Thursday, February 22, 2007

Recruiting, Regression and Success – Another (Better?) Way

After finishing my post below and giving it some more thought, I wondered if there was not a better way than averaging 4 years of class rankings to determine strength of recruiting class.

Turns out there is. In rating the teams each year, gives them a total point number, which is uses to rank the teams. Instead of averaging the 4 classes in the 2003-2006 period, I decided to add the total scores over the 4 years to see which teams had a cumulatively better ranking. In this way, if you get a better idea of the total class strengths in cases where the disparity between classes might be very large (where say a number 1 class is significantly better than the 2nd class).

The new ratings changed our previous order, and in turn, actually made everything look a little clearer.

First and foremost, Florida jumps from 4th to 2nd in this arguably far more accurate ranking of 4 year recruiting strength. In other words, over the period of 2003-2006, Florida was 2nd only to USC in terms of total recruiting points per Perhaps in seeing this, the Gator’s MNC of last year was not such a surprise.

The chart also shows us the relative disparity between even teams ranked in the top 20. USC, with 10,258 total points, is 34% better than Tennessee, which is 10th. USC is in turn over 32 TIMES better than New Mexico State, who is last on our list with a four year total of only 315.

Finally, you have to go all the way to 18th on this list to find your first losing record.

Next, we look at the decile breakdown of the major conference teams.

Average wins by Major Conference Decile

1st (Best) – 10.43 wins
2nd – 9.50 wins
3rd – 7.29 wins
4th – 7.83 wins
5th – 6.71 wins
6th – 6.00 wins
7th – 6.67 wins
8th – 7.14 wins
9th – 7.00 wins
10th (Worst) – 5.43 wins

Once again not a perfect correlation, but one that is very strong indeed.

Finally, sparing the reader another regression chart, the correlation between the total recruiting score and wins was even stronger than our last case.

The real advantage of using the total score is that it gives us a nice way to predict what total wins should have been based on recruiting rankings, and what they might be in the future. By finding an average of wins to total score, and then applying it to each team, we get the following (for every major conference team)–

Once again, any sample size this small is imperfect, but you can see that the predictions follow the actual trend pretty closely. Certainly there are, and will always be, outliers. Also, the predictions have to serve as a mere “target” guideline, due to the impossibility of teams like Florida, Georgia and Tennessee all winning more than 11 games (can’t happen in the same conference).

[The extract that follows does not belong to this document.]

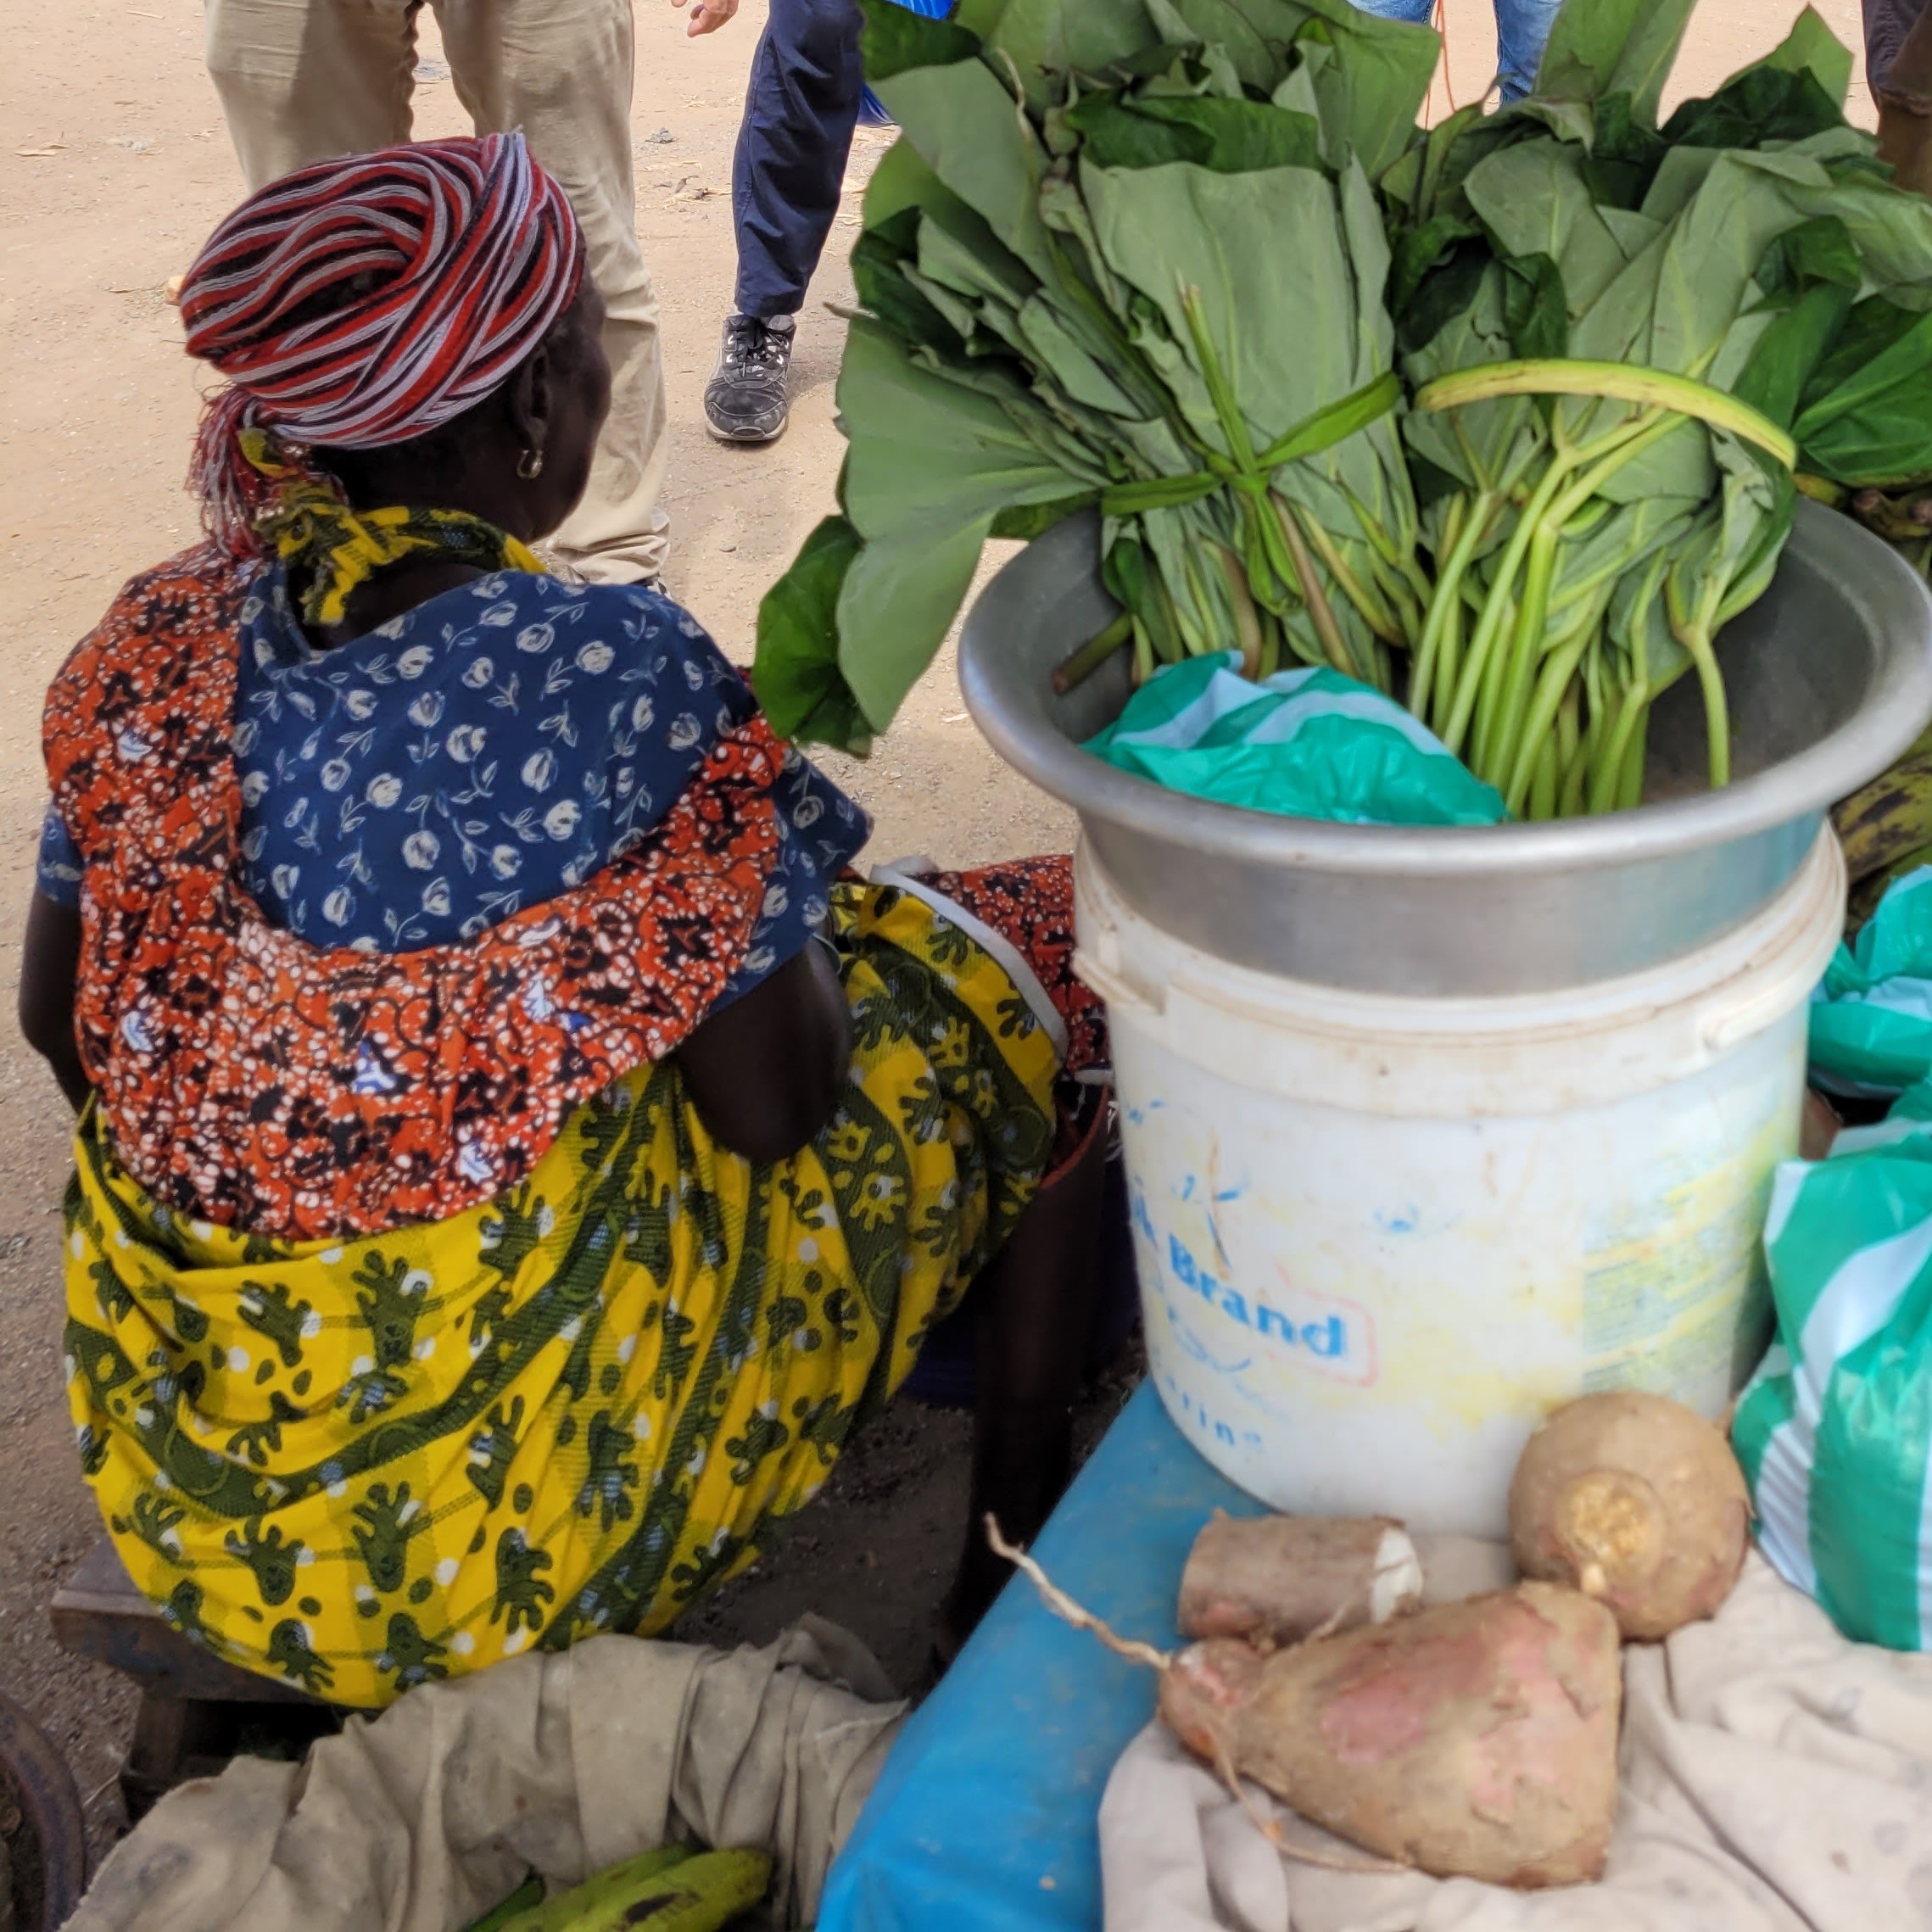 A woman selling greens at a market in Ghana.

Furthermore, one might look at the above chart as a “under or over” performance indicator. FSU, for instance, seems to have far better talent than its record produced. Bad coaching or bad luck? - A topic for another day.

As hinted, in my next installment I will “predict” next years win totals for teams based on the total scores of 2004-2007. And while their will again be outliers in 2007, I can say fairly confidently that teams like Wake Forest will “mean revert” and fall far closer to their prediction in 2007 than they did in 2006. I will also look at the mid-majors, to see if we can predict who next year’s Boise State might be.


Henry Louis Gomez said...

The one possible flaw may be that I believe that changed the point system they use between last year and this year. Thus the weight for this recent class is not on the same basis as the previous classes. The "error" of course applies to all teams but it may lend more importance to this year's recruiting class that will arguably be the least important in terms of 2007 wins.

Anonymous said...

This is great stuff. I don't think you're going to get much to figure out Boise St. Their offense is too much of an anomaly. I bet their defense falls into line though.

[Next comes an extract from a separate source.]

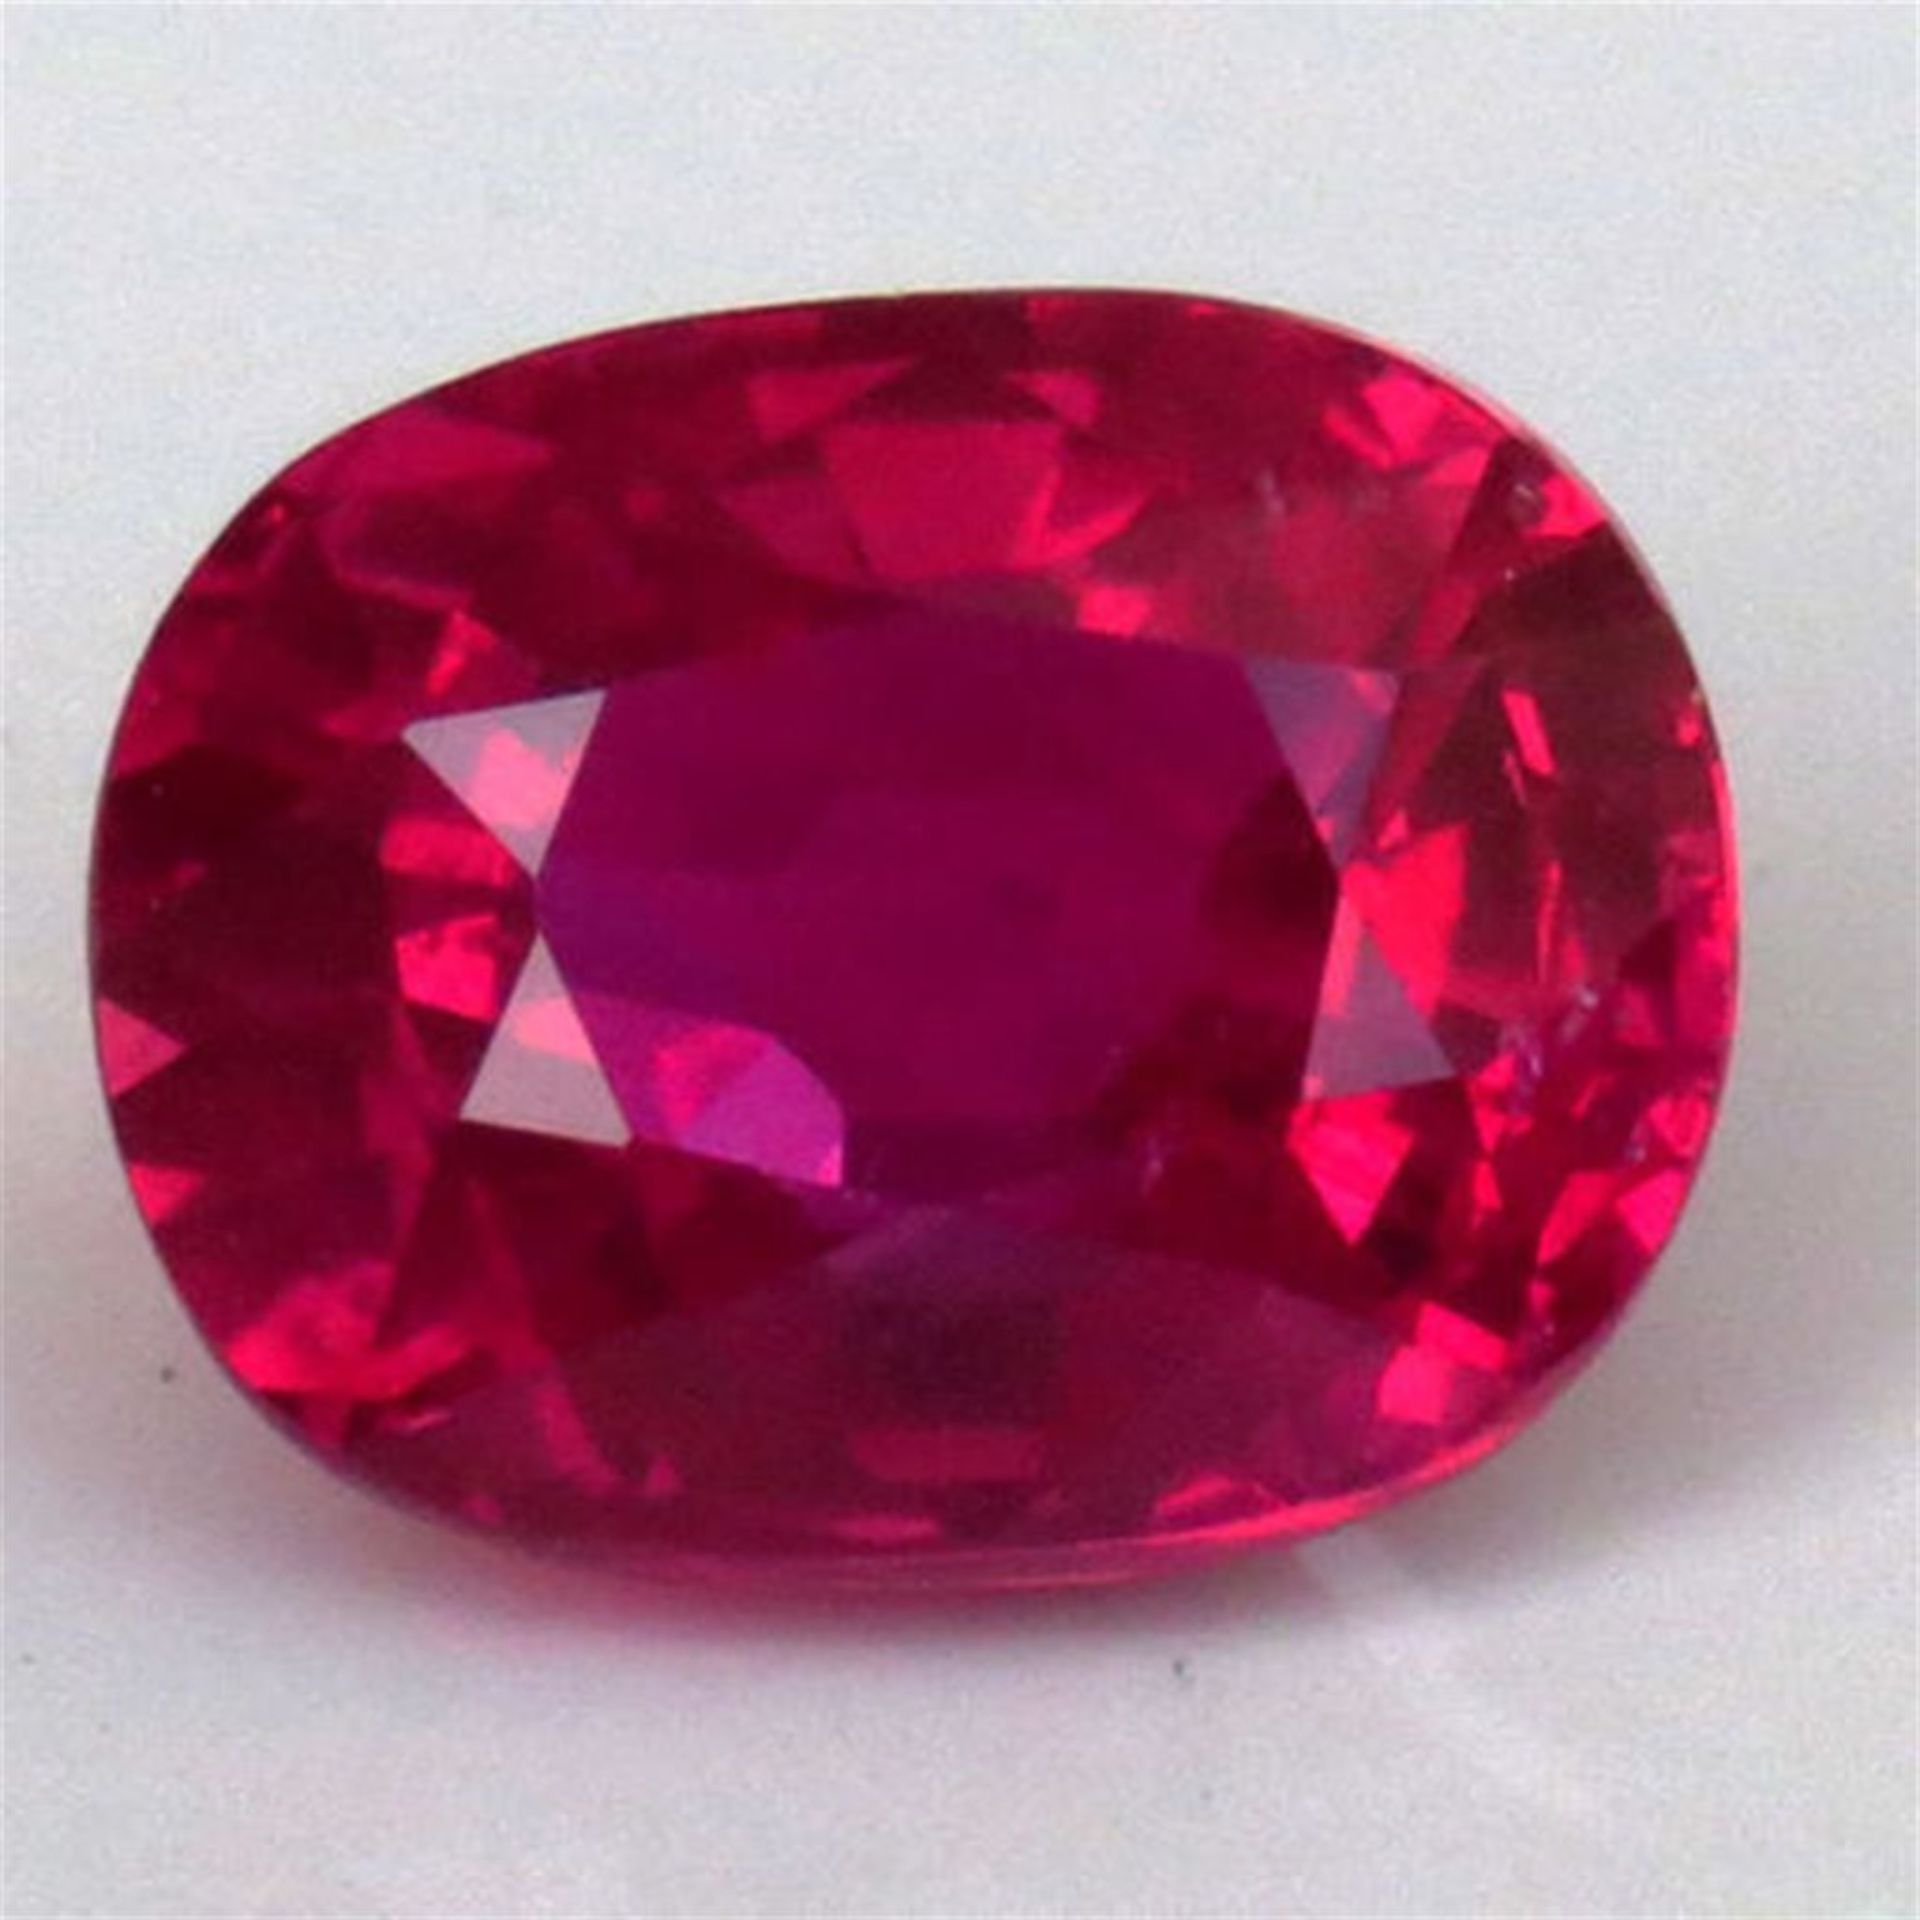 GIA Certified 2.10 ct. Untreated Ruby - BURMA - Image 4 of 5

Come to think of it, I bet the defensive rankings of all teams would fall even more closely in line with the recruiting rankings.

miguel said...

I think the biggest flaw in this might be that the earlier recruiting classes figure much more prominently than the later classes.

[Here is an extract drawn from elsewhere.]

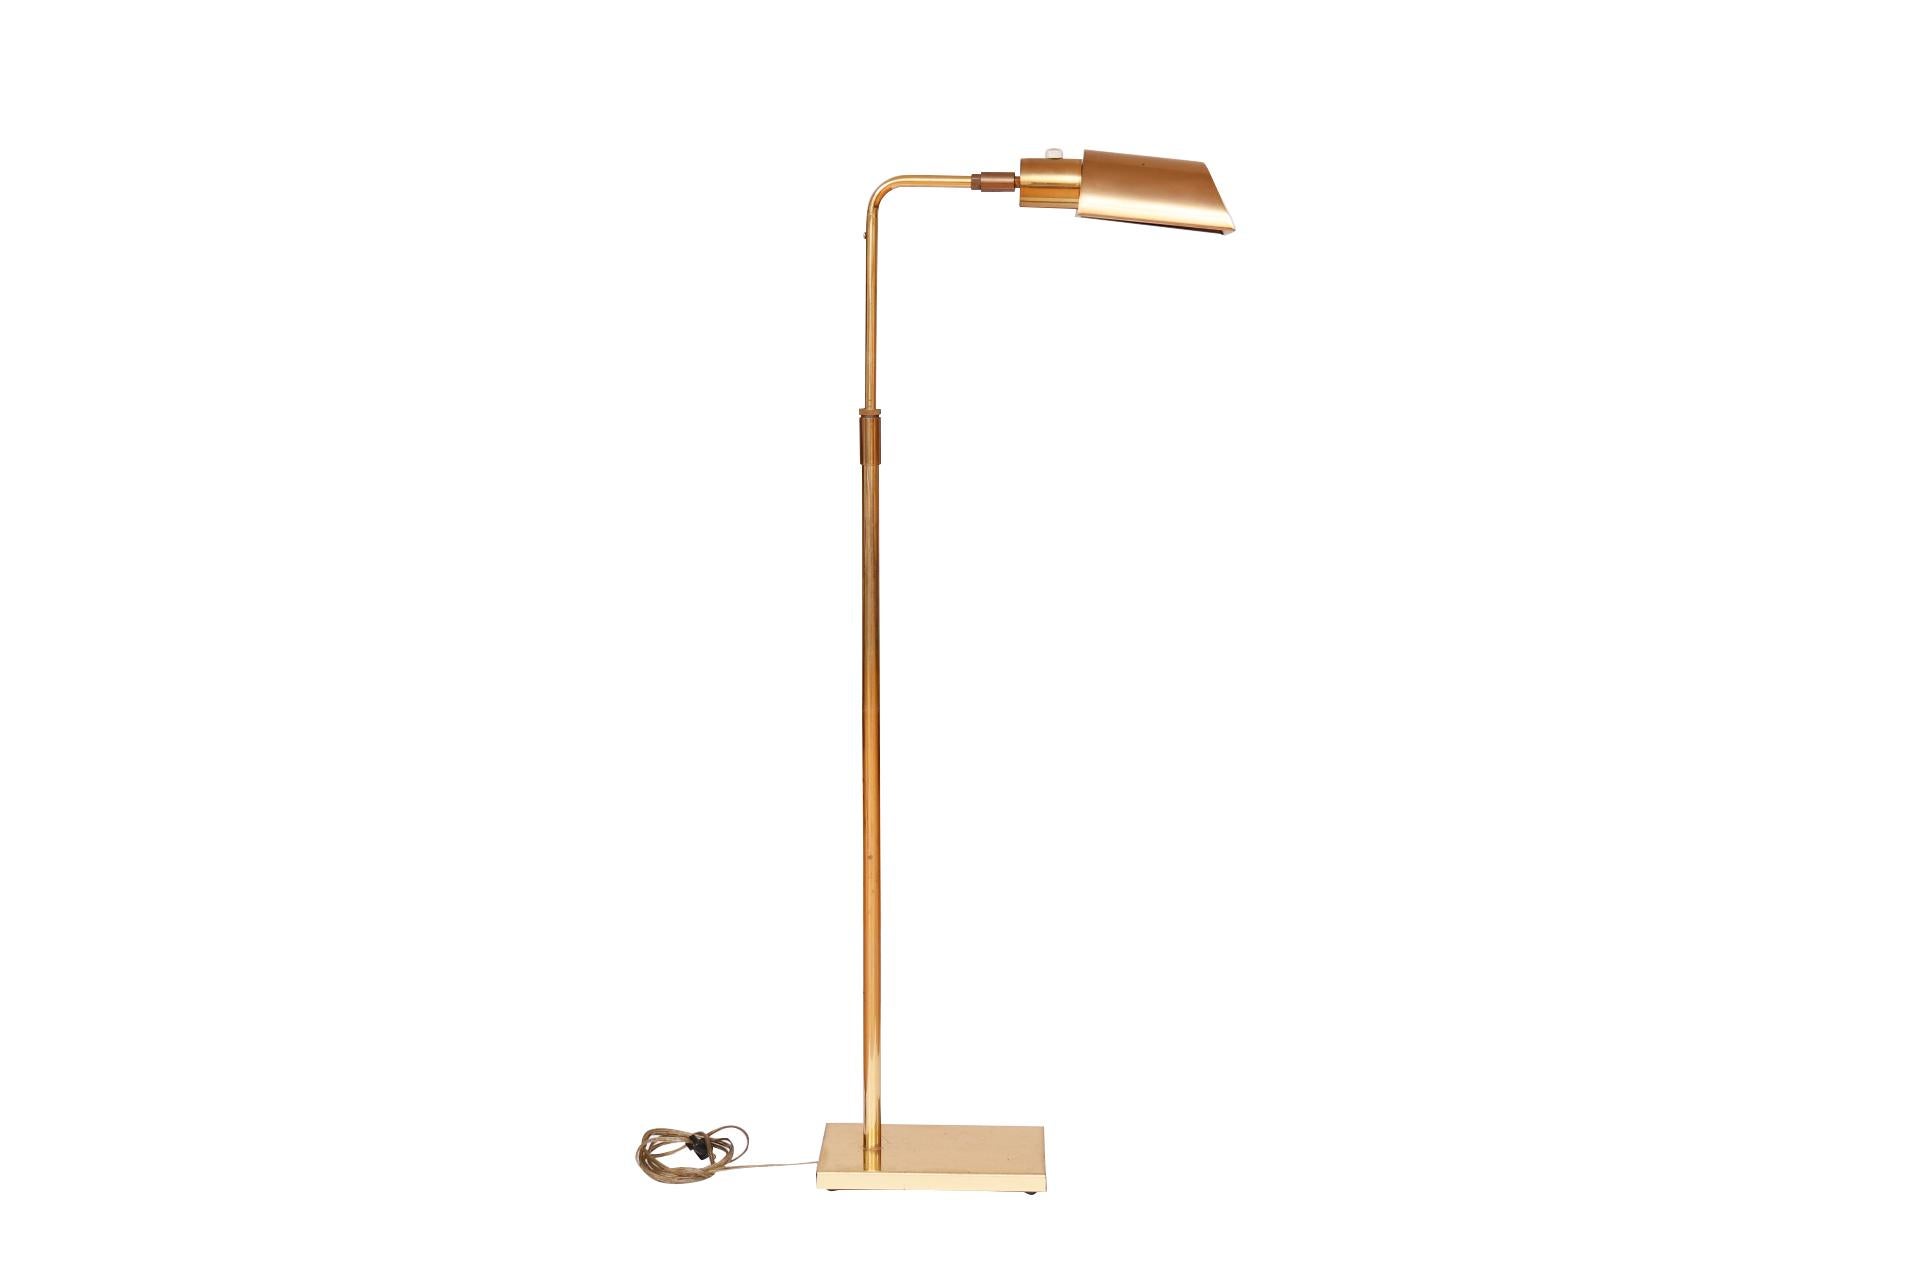 A 1960's Mid-Century Modern adjustable pharmacy floor lamp in brass, made by Koch + Lowy. A half cylindrical shaped brass shade can be angled up or down and rotates on a brass column which can also be raised or lowered. Stands on a sleek weighted

Seniors and juniors will (generally speaking) be much more responsible for a team's success than sophomores and freshmen.

And double that for true freshmen.

If you're rocking the spreadsheet, would love to see you tweak the numbers. Maybe 100% of the value of the senior class. 80% junior, 50% sophomore and 25% freshmen.

That might give the 2007 Gators a more accurate prediction for our rather upperclassmenless team.

Henry Louis Gomez said...

Miguel, Mergz did point that out (perhaps it wa in another post) but any attempt to weight the classes would be arbitrary. Why 25% freshmen? What about schools that have a lot of juniors opting for the NFL? their freshmen and sophomores are going to have to contribute more?

So it's not easy to work around this admitted problem.